I used to get worked up about world events when my preps were lacking. I made few sacrafices to ensure the preps got to where I was comfortable (well, not comfy, but without the wife locking me up) and now just keep my ears open and stand ready if something does happen. 
I am one of few, if not the only one I work with that actually keeps up on current events and considers how to get home during a crisis (my work can take me on the road). 
I was asked by one of my coworkers on a recent trip to Texas what was with my extra gear (maps, flashlight, powerbars etc) and I told him If I gotta get back home and things went south,these items would help. He looked at my like I lost it. Oh well.


----------



## homesteadmama (May 30, 2002)

We actually had a discussion at church last Sunday, about starting to have some preps in place. I was amazed at how many of the women there had very little food stored--how few actually cook family meals at home--or know how to cook from scratch the most basic of meals with the most basic of food items. Instead the discussion kept going off on what the families would and would not eat, and why prepping was not all that necessary anymore. And this from a church group that stresses preparedness. It was quite eye opening to me. I don't know if it is the area we live in that is predominently State Workers and Computer folks, that think we are immune from any economic downturn or financial crisis--let alone another harsh winter like the one we had last year, or what. But they did tend to think that the church or the government would take care of them if there was a crisis. Makes me wonder just how people will do when there is a real problem that they are not the least bit prepared for. It did make me more determined than ever to get all my preparedness ducks in a row--and thankful for the incentive that we give one another on this forum! Lynn


----------



## radiofish (Mar 30, 2007)

Well folks elsewhere get advanced warnings of hurricanes, floods, fires, snowstorms, tornados, etc.. even a few minutes warning. In an Earthquake there is no warning what so ever, it starts and stops with no notice. So that is why I am prepared, but I do not let it run my life.
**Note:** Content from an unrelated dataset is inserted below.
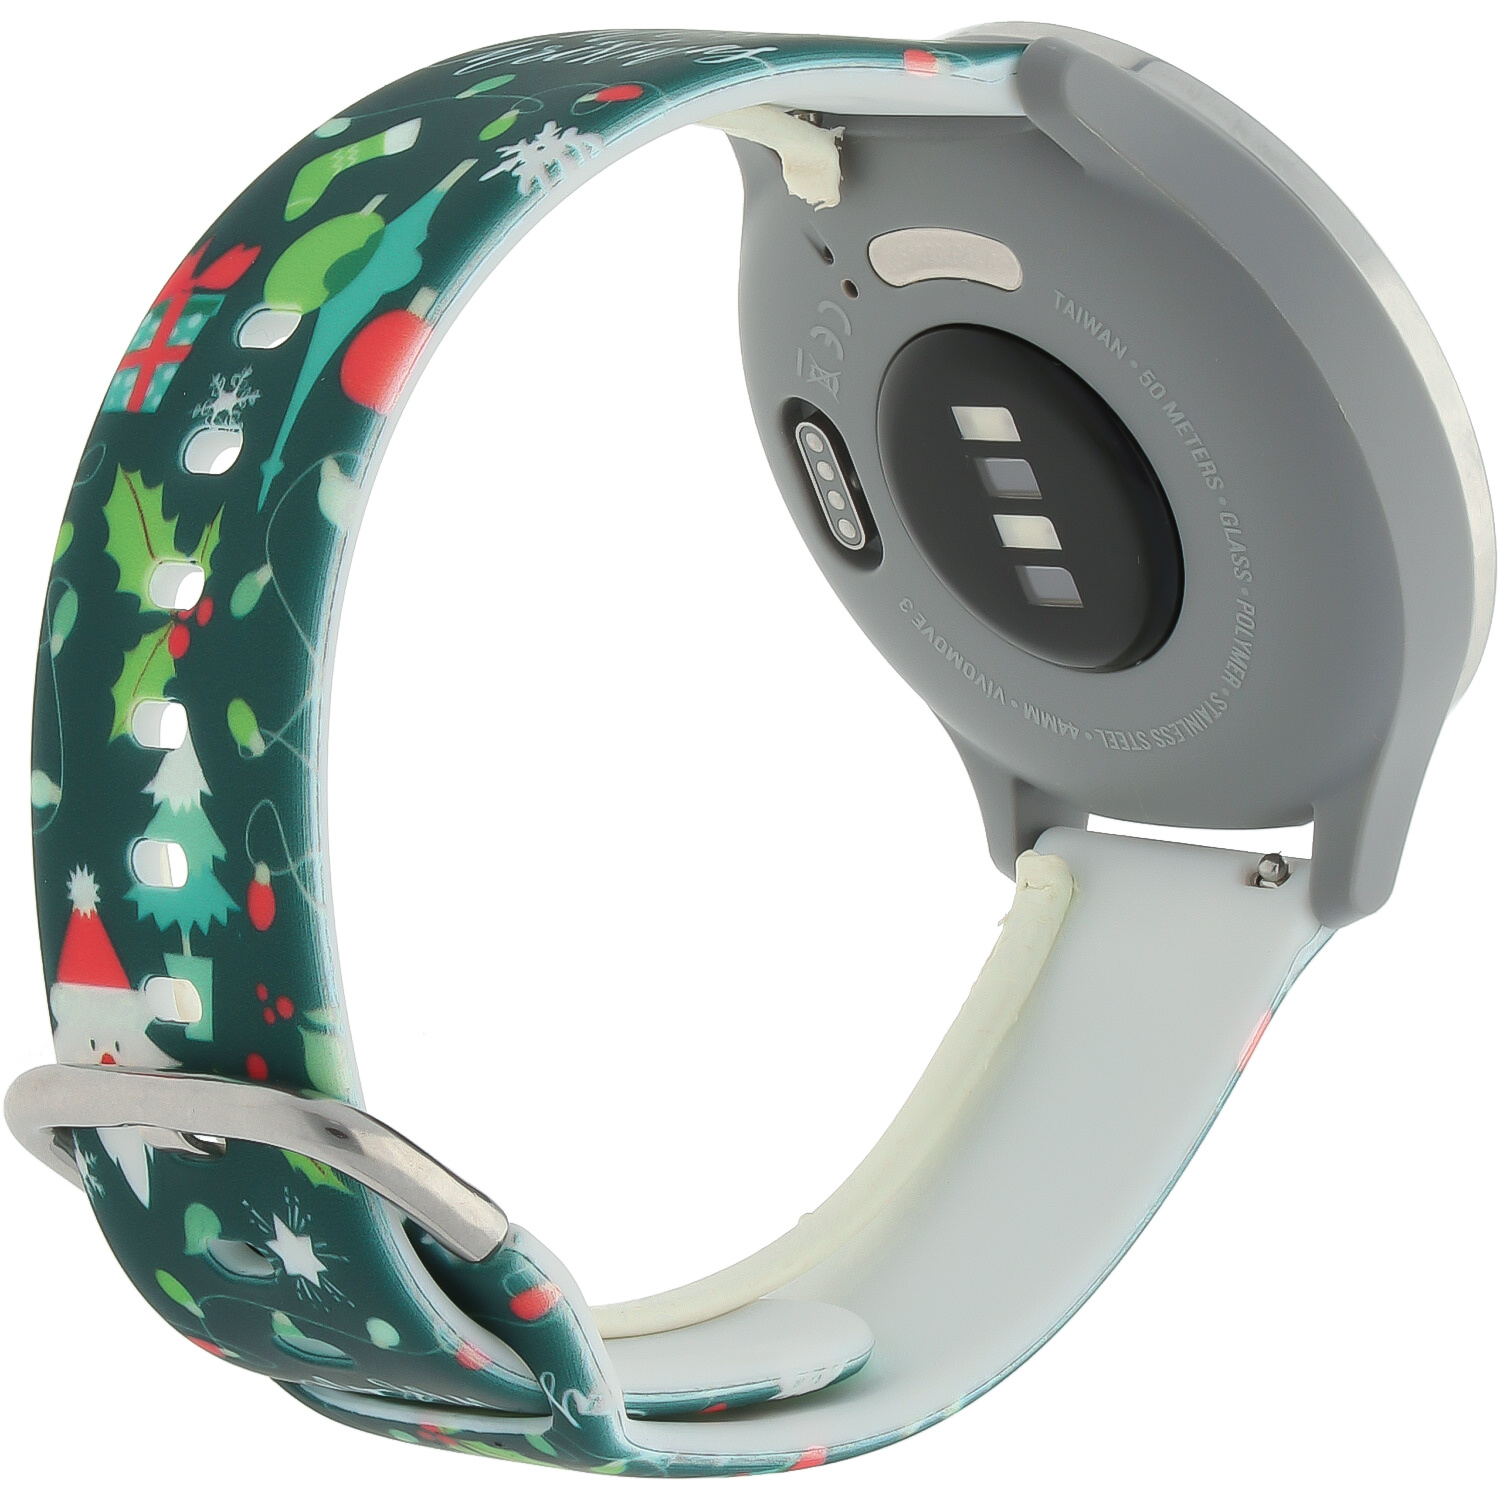 Samsung Galaxy Watch druck Sportarmband - Weihnachten dunkelgrün
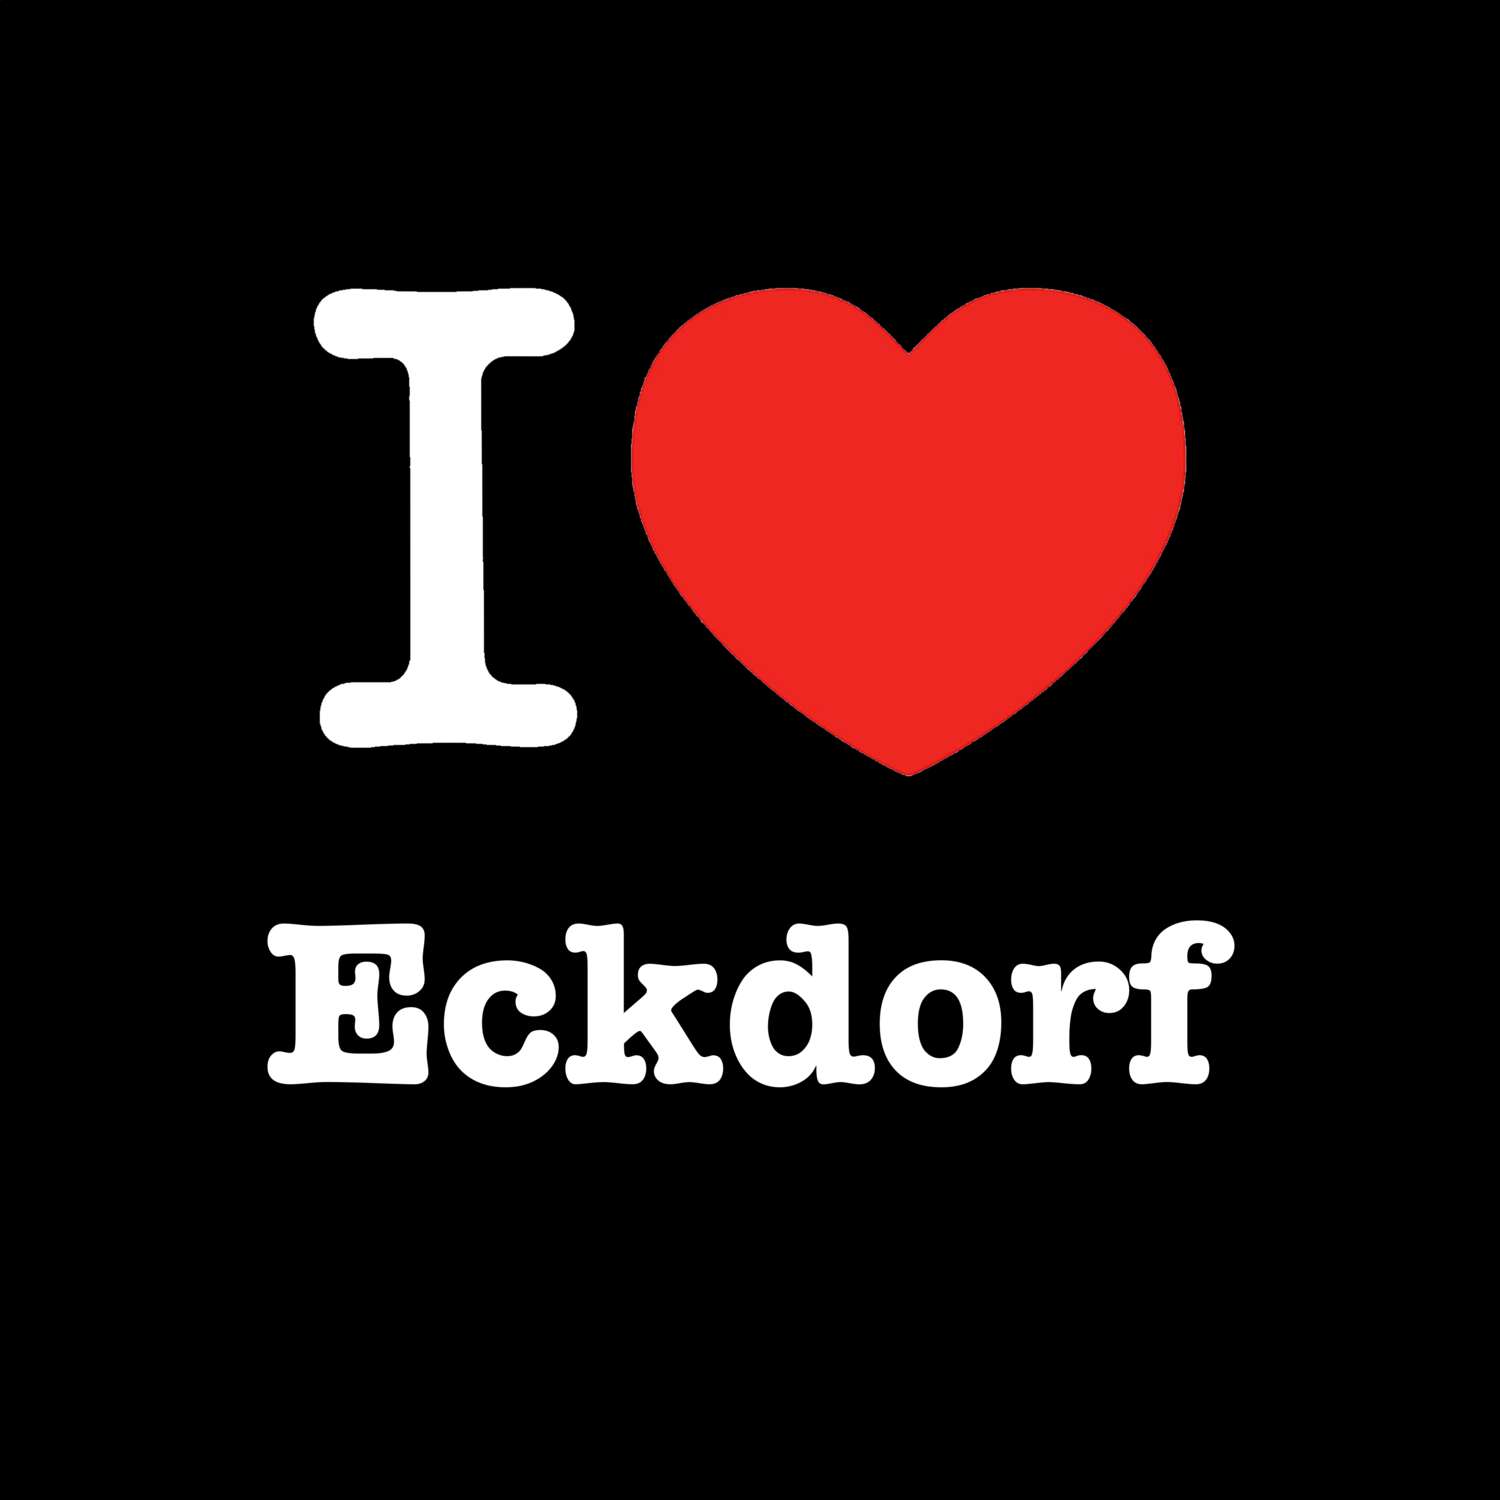 Eckdorf T-Shirt »I love«

When I was snowed in for 4 days last winter (I'm at 1,800 ft. in elevation), my biggest inconvience was no internet access (no phone service - dial-up ISP here) so I used my ham radios quite a bit then off of my back up battery bank. No commerical power, oh well I just used the wood stove for heat and made do as if I was back in the field camping and doing fisheries work. I did get to sleep in my own bed every night though!!

Yes some folks think it is weird to prepare for an event, no matter what. They will be the ones that are clueless when something does occur if/ and or when in the future. They keep telling us here on the West Coast that we are overdue for a major Earthquake, and I live near 3 seperate tectonic plates intersect off shore under the Pacific Ocean. We have had Tsunami Evacuation drills and info in the local phonebooks now for the masses as to prepare for at least 72 hours in an emergency. Some folks think that it can't happen here, I guess......


----------



## susieM (Apr 23, 2006)

Hahahaha....'root canal'...that's a good one! But you're right.


----------



## electronrider (Nov 10, 2004)

I have turned my prepping into a hobby. I try real hard not to go to some of the more....radical ( for lack of a better term) preparedness sites around, they seem like they are all at DEFCON 2 and it's all about to happen any time. Wayyyy too much stress in their lives for my taste. I prep what I can, when I can, and read up on the things I am missing. Focusing on all the different possibilities of SHTF or TEOTWAWKI can drive you a little bit crazy, if you let it get to ya. After a while, you will get a bit jaded, and begin to relax. Heck, There are many sites out there that are predicting a MAJOR meltdown within the next 6 months. This alarms new people to these forums. Take a look at some of their old archive posts, there have been people predicting that exact same thing for years now. Just because you agree that the world is not a stable place, and you want to be prepared, does not ean that you have to proclaim " The sky is falling!" every time you see or hear about an event that has potential.


----------



## Lowdown (May 24, 2007)

We live this way, so come what may, we will be as ready as we can be. Living away from the cities is going to be the best prep most people can make. Having your family committed and working with you on preparedness is the next important step. Without that, your not likely to get much accomplished. 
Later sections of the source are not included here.